しかし一方で、そうやって勉強に関心を持ってくれる娘を誇らしくも思っている。こういう時間がこのまま続いてほしい、とも彼は心のどこかで思っていた。
「ハルさん!」
「なに?」
「こんどはこれ! ……ふーりえかいせき?」
そうこうしているうちに彩がまた本棚から教科書を引っ張り出して春川に渡した。しかし春川は苦笑して首を静かに横に振った。それを見て、彩が露骨に不機嫌な顔になる。
「ダメだよ、彩ちゃん。もうすぐお昼ご飯の時間だし、また帰ってきた後にしよう。そうですよね、教授?」
「……ああ、そうだね。そうしよう」
春川以外の学生はすでに昼食を済ませたらしく、彼は娘と春川の三人で、食堂に向かった。
* * *
「いやー、すごい雪ですね」
とある冬の日だった。普段彼の住んでいる地域はそれほど雪の降らない気候なのだが、その日はびっくりするぐらいの雪が降り、下り電車がストップしていた。幸い本数は少なめながら上り電車は動いていて、警報も出なかったのでその日は研究室に来れる学生だけ来ればいい、という形にした。するとその日は彼と彩、そして春川だけになった。春川も服に山ほど雪をつけながら部屋に入ってきた。
「今日こそいろいろ動かしてやろうと思っているから、部屋の中は暖かいだろうけどね」
いつもは彩が不用意に触れてケガなどしないよう、部屋にある機械には赤いテープを張って塞いでいたのだが、この日はそのテープをはがしてメンテナンスをしていた。彩は別の部屋で幼児番組を見ていた。
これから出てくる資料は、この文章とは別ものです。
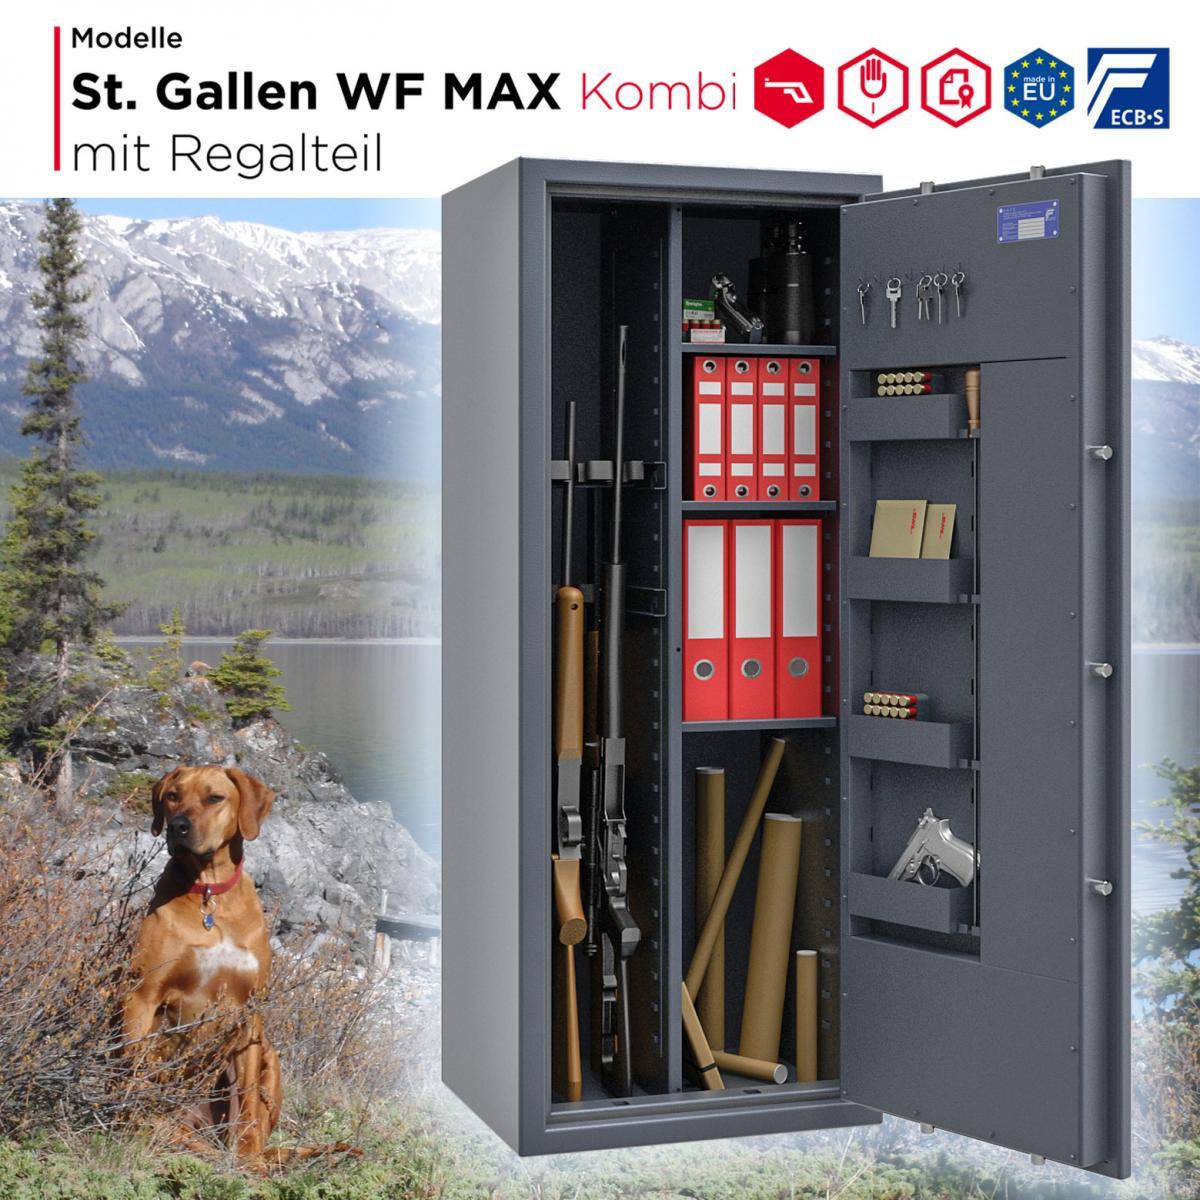 Konfigurator - Waffenschrank St. Gallen WF MAX Kombi

「春川君、早速で悪いんだけど、そこの装置のキャリブレーションが終わったようだから、作動を手伝ってくれないか?」
「分かりました」
メンテナンスが終わった装置から順に、彼と春川はいろいろと操作を始めた。時々窓の外で止むどころか降る勢いを増してどんどん積もってゆく雪を見ながら、二人は話していた。
「……彩を、ここに置いていていいんだろうか」
「彩ちゃんをですか?」
「複雑な気持ちなんだ。機械工学でなくても勉強に関心を持ってくれることはすごく嬉しい。しかしそれで例えば小学校に上がった時なんかに、周りの女の子と価値観が違い過ぎては困るだろう、その点が心配なんだ。妻に聞く限りでも、一度周りの女の子たちから仲間外れにされると、その関係を修復するのは難しいらしいからね」
「……それは僕にも、難しい話ですね。僕も女子といくらか話したことはありますけど、そんなに多くの女子と接した経験はありませんから。ですけど男子でも友人と縁を切られるのは怖いですし、女子であればなおさらなのかな、とは思ったりします。……結城に聞いてみればいいかもしれません」
結城、というのは春川に同じく彼の研究室に所属している学生の一人で、学生の中では唯一の女子。春川の手が空いていない時は彩の面倒を見る役をしているが、この日は大雪で電車がストップした影響か、まだ来ていなかった。しかし、
「なに? わたしに聞きたいこと?」
「結城!」
その結城がいつの間にかやって来て、部屋の入り口近くに息を乱しつつ立っていた。いましがた雪をかき分けて来たばかりらしい。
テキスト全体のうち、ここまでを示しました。